Thursday, October 13, 2016

Status report.

I know someone with a strong fear of coercion. It has to do with her relationship with her father growing up in which she felt unable to counter his demands. As a result, anything that resembles an imperative, is resisted--even something like "Have fun!" What I'm wondering is if I am similar with my hatred of constraints, even those voluntarily taken on to achieve some end I desire.

Faced with the actual constraint, what I feel is sad like a victim, a fear of being unable to successfully comply no matter how hard I try, and a resulting failure that confirms something horrible about myself that previously I just suspected.

I just finished grading a pile of exams which brought up similar feelings. I had no choice but to do so and yet the (predominantly low) grades I was giving weren't objectively fair no matter how hard I'd try, and perhaps the whole educational enterprise in which I'm engaged is at best futile and at worst harmful (though someone else might be inflicting worse harm were I to quit.) Luckily, the effort involved doesn't also make me feel incompetent, so unlike writing, I am assured of making it through each semester.

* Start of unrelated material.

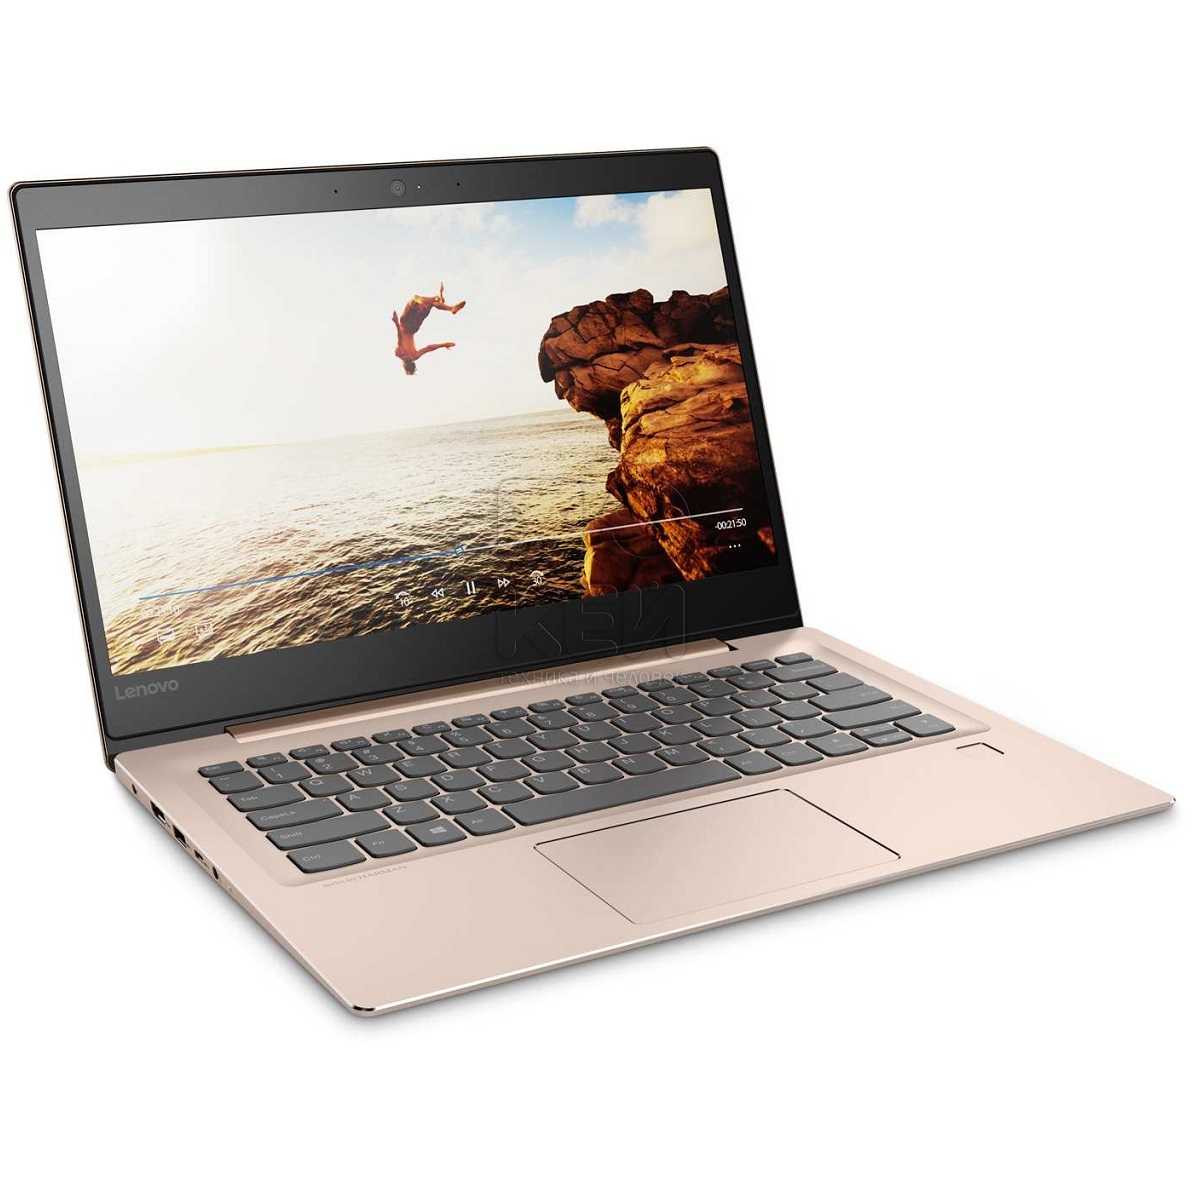 Выбор совместимого аккумулятора для ноутбука lenovo ideapad 520s series 520s-14ikb (80x200gfrk) — купить, цена и характеристики, отзывы
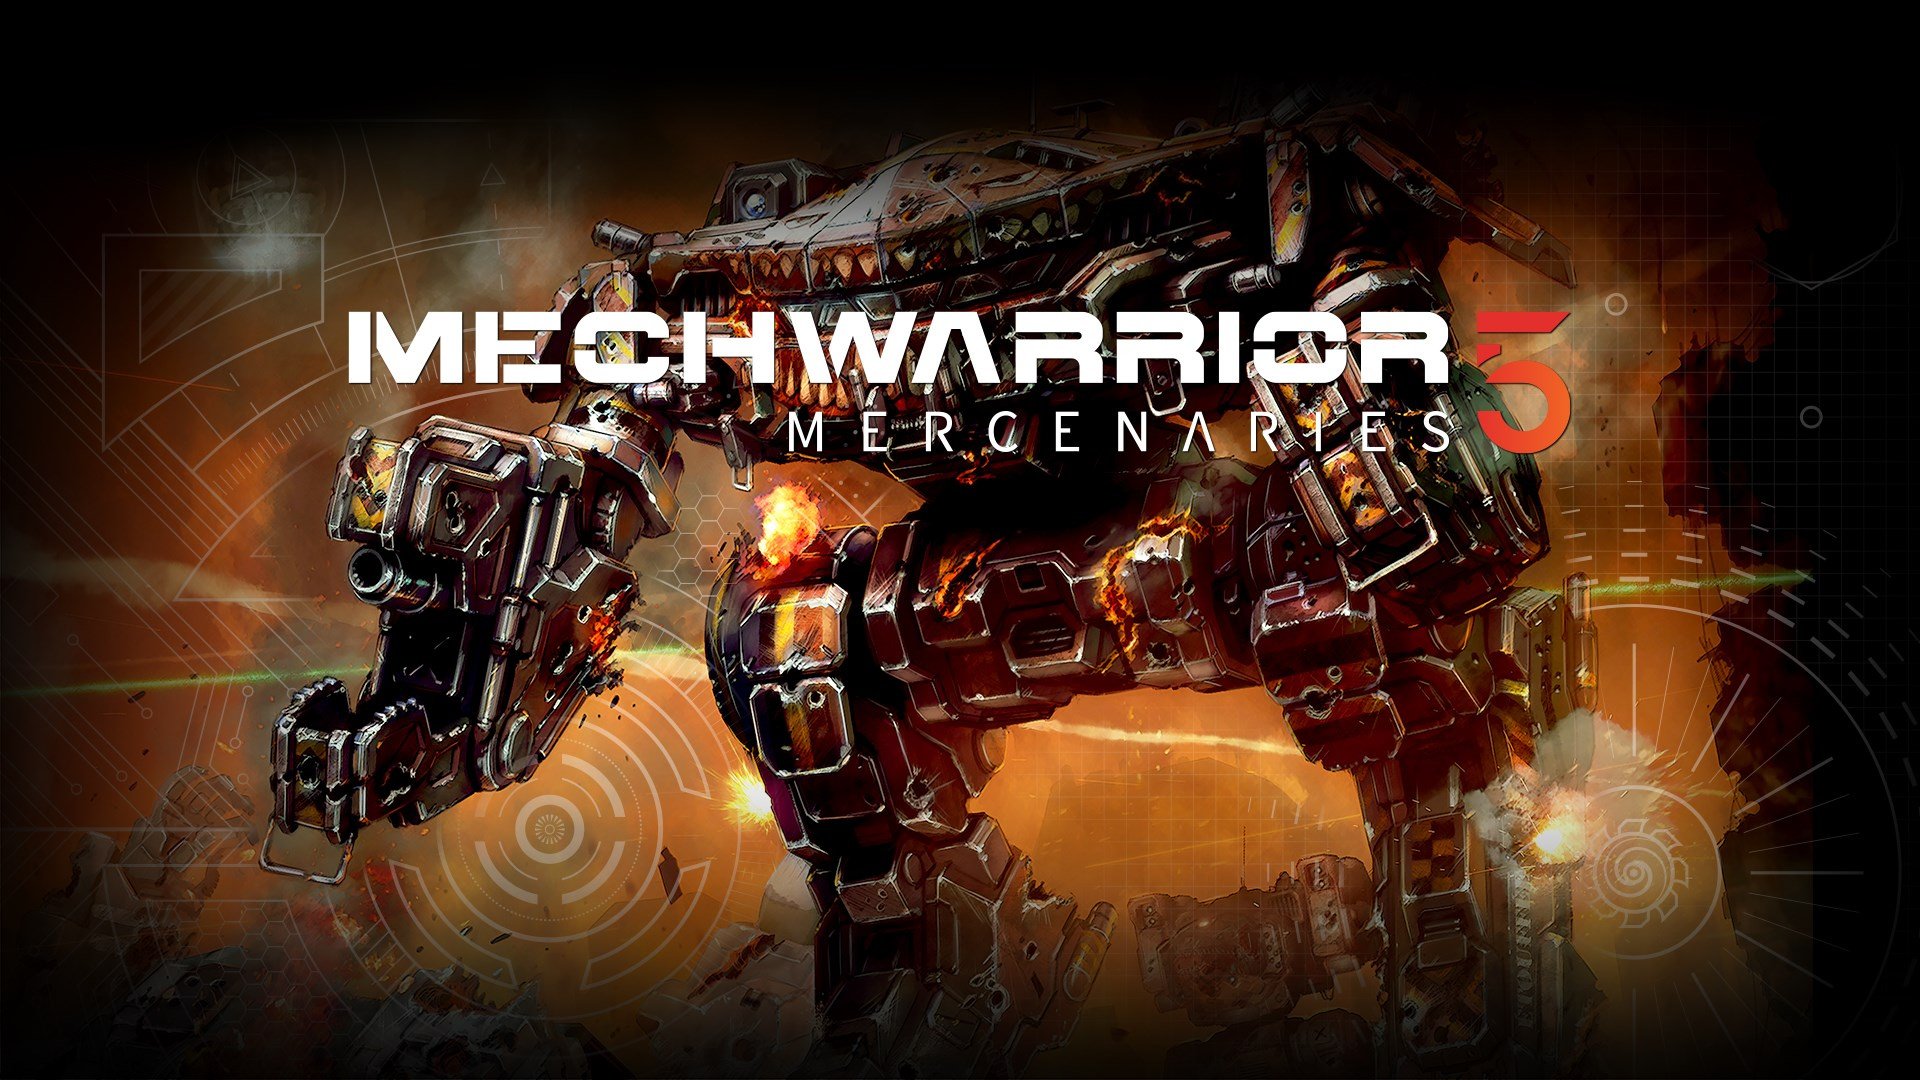 New Robot of MechWarrior 5 Wallpapers

It feels much better (stronger, less victim-like) to rebel and I am thus taking next semester off. How much better it will also feel, I imagine, to stop all this writing foolishness, but I seem to always end up returning to it eventually. It feels like the only thing of real value I could do, despite the contrary feeling that nothing of that nature has any ultimate value, and the subsequent conclusion that I have no value. I suppose a more rational conclusion is that I am unable to tell what does and does not have value and it makes just as much sense to believe that refusing to write has value.

In the end, my dilemma is whether navigating the primarily unpleasant feelings this writing project evokes is an exercise in masochism or a journey toward some kind of achievement. And only by taking the time and making the effort could I possibly reach an answer.